To our admittedly biased eyes, the appellant briefing wins the day on all these arguments.  Preemptive force must be given to rules “under” FIFRA, which would cover the EPA’s determination that glyphosate does not cause cancer. The respondent wants to turn that “under” into a “by” and suggests there is no difference.  But Clement et al. point out that “There is no preposition exception to textualism.” The appellant also makes clear that the respondent’s stop-selling solution runs afoul of Bartlett. And one has to marvel at the temerity of the respondent to invoke Loper, given that Clement is the lawyer who won that case. The first rejoinder on the Loper issue is that it was not raised below, nor was it raised by any of the many amicus briefs. The respondent says that “is not the result of a collective failure to issue spot.” Second, Loper held that courts should not defer to agency statutory interpretation, but such statutory interpretation was not at issue here.  The FIFRA preemption provision is as clear as can be, and no one suggests the EPA acted outside its statutory authority. “Loper may change a lot, but it has zero relevance for that straightforward construction of FIFRA’s  unambiguous statutory text.”  That, friends, is a smack down.  

As for the procedural waiver argument, that was never raised by the plaintiff in the Missouri appellate courts, thereby “forfeiting any forfeiture.”  The last word – the ending of the appellant’s reply – is elegant: “FIFRA seeks balance and uniformity. The plaintiff’s bar seeks something altogether different, without regard to whether it drives products that farmers need from the market. The Court should vindicate Congress’ judgment.” 

The oral argument is on April 27. Bring your popcorn. 
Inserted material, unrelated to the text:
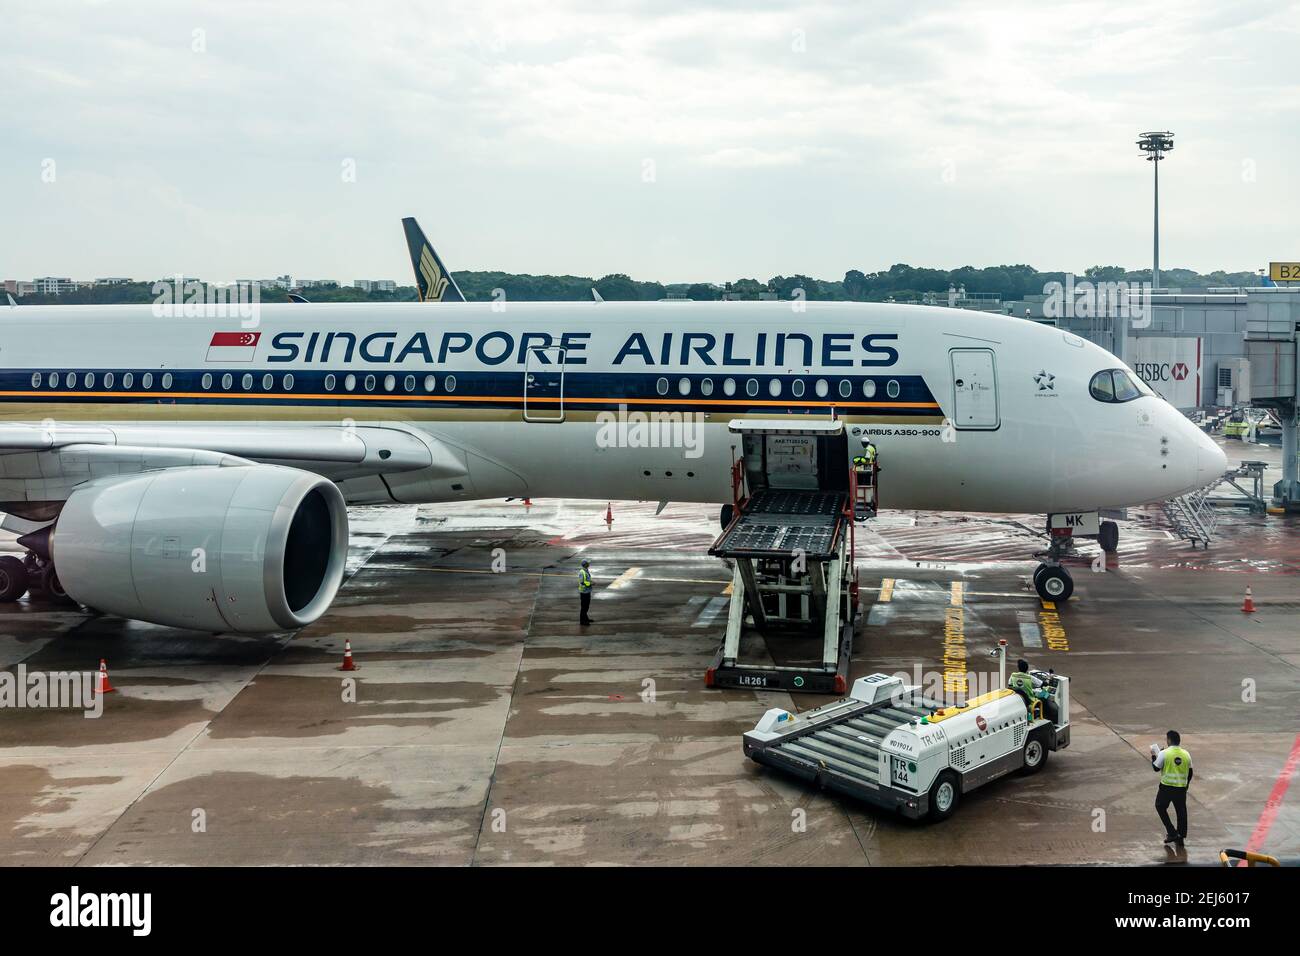 Un cargador ULD que eleva un dispositivo de carga unitaria (ULD) desde Delantal se extiende a una bahía de carga de aviones de Singapur Máquina de líneas aéreas en el aeropuerto Changi de Singapur Foto de stock

We also want to alert our readers to certiorari briefing in BNSF Railway Co. v. Tanner Lynn.  The petition was filed by the great Lisa Blatt and her team at Williams & Connolly.  There is also an excellent amicus brief authored by the Washington Legal Foundation. The question presented is: “Whether the Commerce Clause permits a State to extract consent to jurisdiction from nonresident corporations as a condition of their right to do business in the State, even for cases involving nonresident plaintiffs and out-of-state conduct.” The BNSF cert petition invites the High Court to follow up on Justice Alito’s suggestion in the execrable Mallory decision that even if jurisdictional consent via corporate registration does not violate due process, it violates the dormant Commerce Clause.  (This blog has addressed the dormant Commerce Clause issue.)


Few cases caused such immediate mischief as Mallory did.  Litigation tourism, which had been reeled in by the Bauman and BMS cases, received a new lease on life from Mallory.  The cert petition pieces together the various decisions in Mallory to show that five justices seemed receptive to the dormant Commerce Clause argument. As has been said more than once, the key to SCOTUS litigation is being able to count to five. States like Pennsylvania in Mallory, or Minnesota in BNSF, have “no legitimate local interest” in “adjudicating a foreign-cubed lawsuit.”

We very much hope that SCOTUS grants cert for the BNSF case. It is the right case, the right time, and the right advocate.